The study also pointed out that school reforms initiated at the end of the 1990s had overloaded state school teachers.
This worsening of working conditions and the ensuing departure of teachers is reflected in the number of vacant staff positions.
In 2009 there were 3,400 vacancies in Swiss state schools which were filled by foreign teachers or students. Teacher training schools can’t train enough teachers to fill this gap.
Meanwhile, a few Swiss cantons having been trying to counter the problem by proposing special shorter teacher training for people from other professions or for primary school teachers who want to teach in secondary schools.

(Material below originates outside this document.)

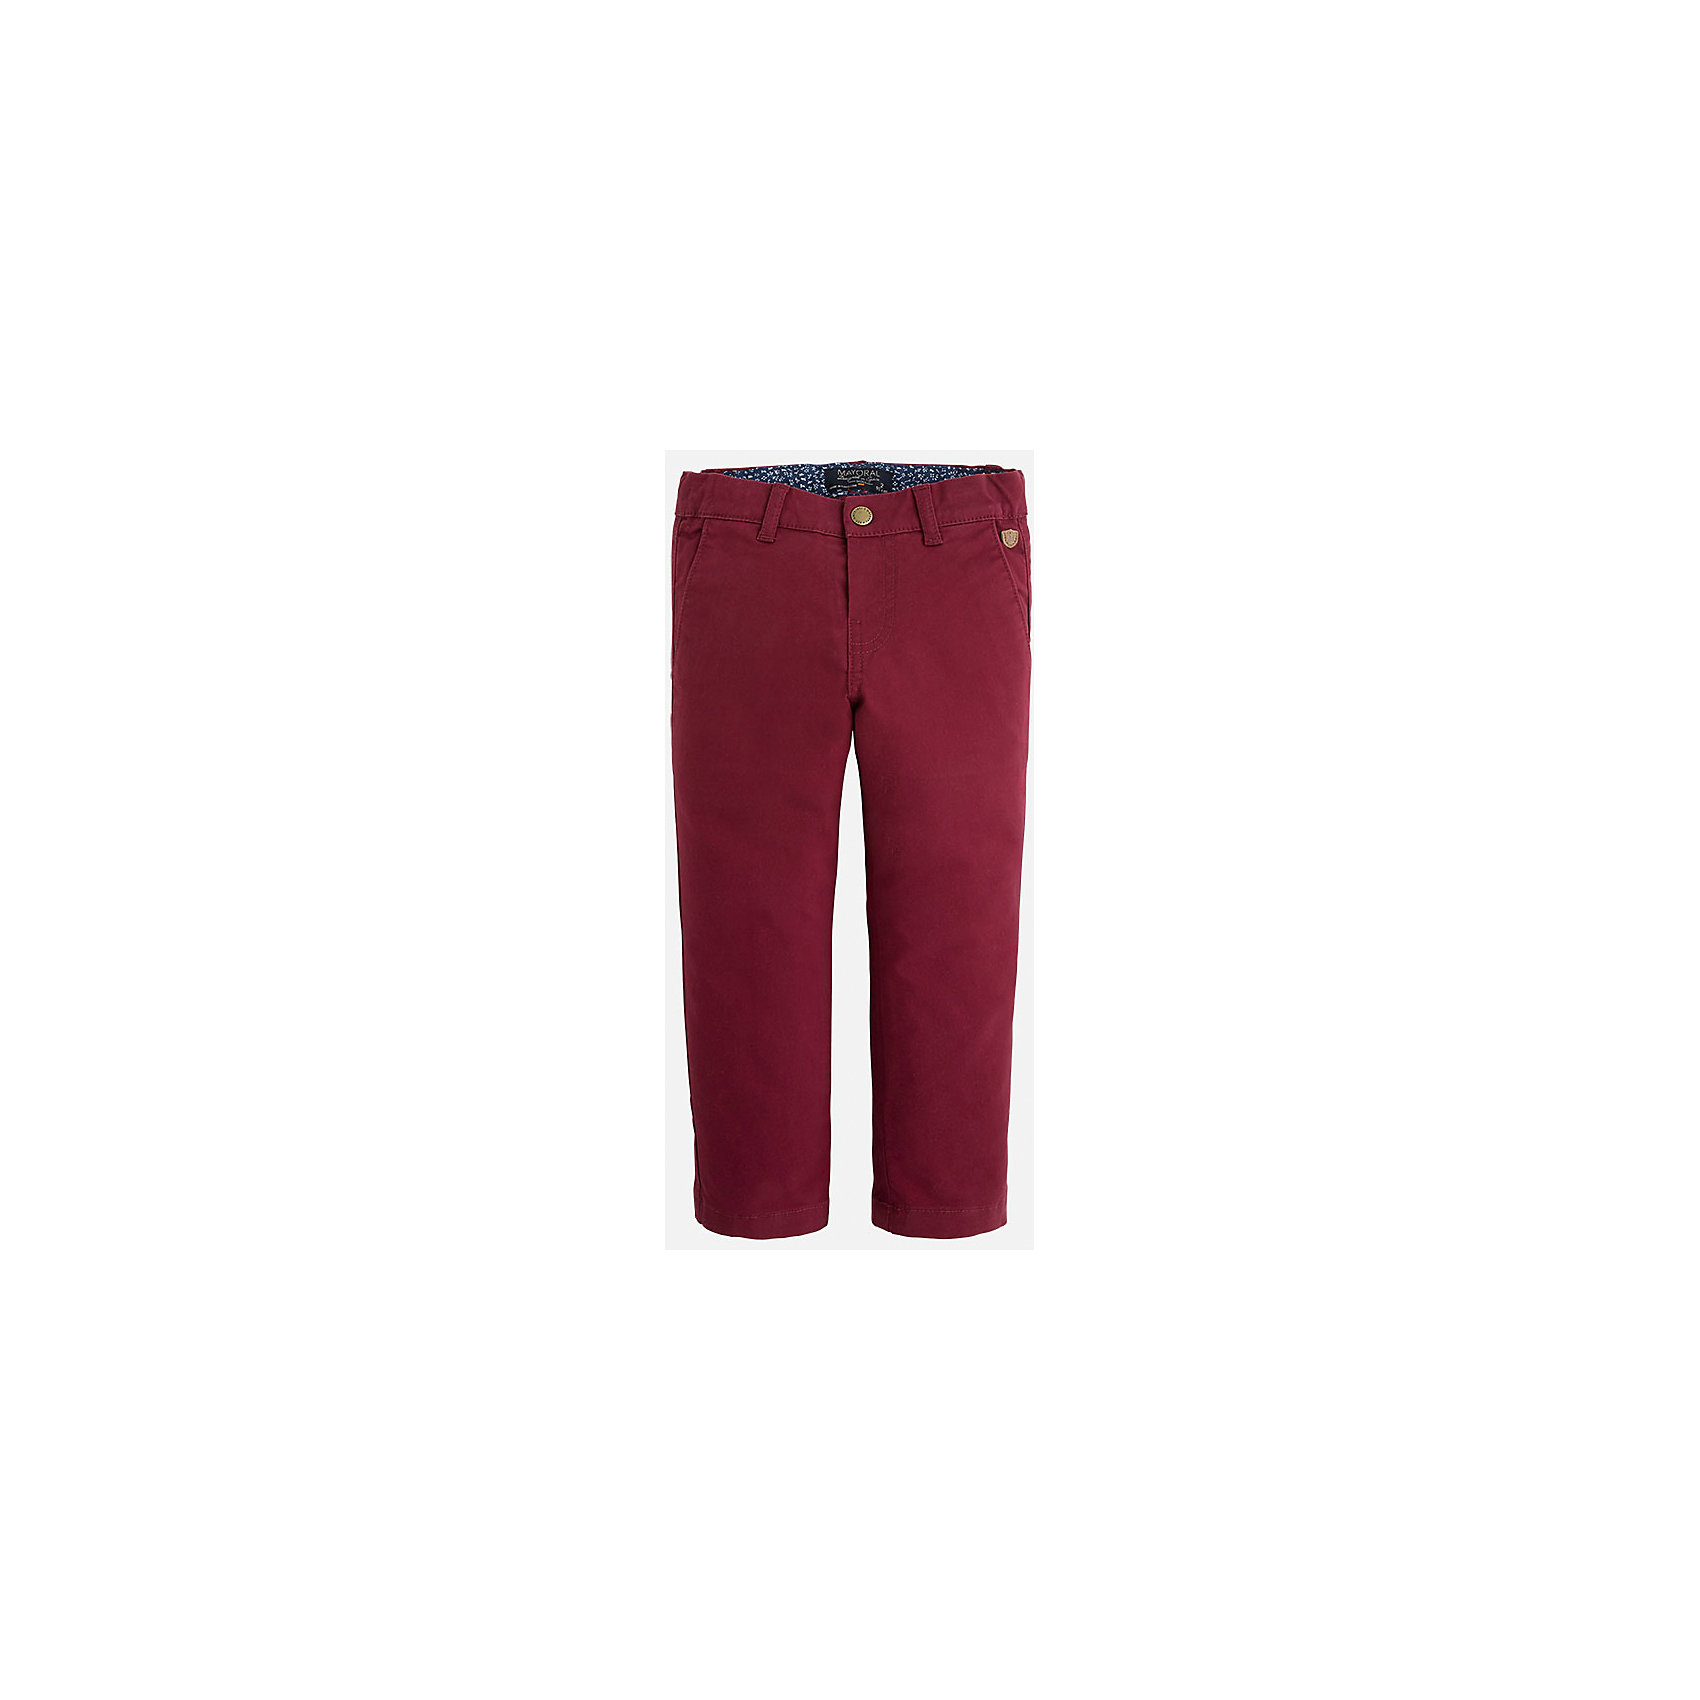 Брюки для мальчика MayoralХорошие, качественные брюки - это необходимый атрибут в гардеробе каждого человека!<br><br>Дополнительная информация:<br><br>- Крой: классический крой (Regular fit).<br>- Страна бренда: Испания.<br>- Состав: хлопок 98%, эластан 2%.<br>- Цвет: вишневый.<br>- Уход: бережная стирка при 30 градусах.<br><br>Купить брюки для мальчика Mayoral можно в нашем магазине.<br><br>Ширина мм: 215<br>Глубина мм: 88<br>Высота мм: 191<br>Вес г: 336<br>Цвет: бордовый<br>Возраст от месяцев: 60<br>Возраст до месяцев: 72<br>Пол: Мужской<br>Возраст: Детский<br>Размер: 116,110,98,104,122,134,128<br>SKU: 4826655

On his course, Cadosch showed participants new techniques to help them start to enjoy teaching again without increasing their workload.
“At the end, I want to say goodbye to teachers who are motivated to start experimenting and applying new ways of teaching,” he said.
Both Cadosch and Freudiger agree that the profession needs to win back the prestige of former times. They say a salary increase, an argument also put forward by the Umbrella Organisation of Swiss Teachers, could also help slow down the departure of teachers into the private economy.
Cadosch says young teachers in particular find it hard to gain a reputation.
“Teachers with years of experience have many gratifying episodes to look back to during difficult patches. But young people are discouraged by their first unsuccessful attempts and abandon teaching,” he said.
“Swiss schools are going through a hard time. But I won’t be beaten,” he concluded.
Luca Beti in Chur, swissinfo.ch (Translated from Italian by Emily Wright)
In 2009, there was a shortage of 3,400 new teachers in Switzerland. In canton Zurich, for example, there were still 250 vacancies before winter term started.
The cantons of Zurich, Bern, Aargau, Basel City, Basel Country and Solothurn have decided to organise special shorter teacher training for those coming from other professions or for primary school teachers who want to teach in secondary schools.
According to Stefan Denzler, co-author of the Report on the Swiss Educational System 2010, Swiss teacher training schools only train 3.5 per cent of teaching staff for pre-schools and primary schools, which is around 2,400 new teachers.
A turnover of six to seven per cent would be needed for state schools (approximately 5,000 teachers).
This shortage does not, however, affect the whole country equally. German-speaking Switzerland is hard hit, but the French-speaking part is just starting to see staff shortfalls.
The number of primary school pupils is expected to decrease in the medium term in all the cantons except Zurich, Vaud, Zug and Geneva.
Suburban areas and the countryside should see a drop of ten per cent.
In secondary schools, the numbers will fall in the whole of Switzerland by about ten per cent, hitting a minimum in 2017, according to the Federal Statistics Office (figures from 2007).
In all, 20-50 per cent of teachers give up their job in the first two or three years. Teachers aged over 55 years old, who are reaching the end of their careers, are showing a similar trend.
The number of teachers over 50 years old is one the rise and now stands at 30 per cent.
According to 2007 statistics, the canton of Ticino has the highest number of teachers aged over 50, at 40 per cent. Canton Zurich follows with around 40 per cent, with the central German-speaking regions at around 33 per cent.
The number of teachers working part-time has risen from 56 per cent in 1999 to 62 per cent in 2009.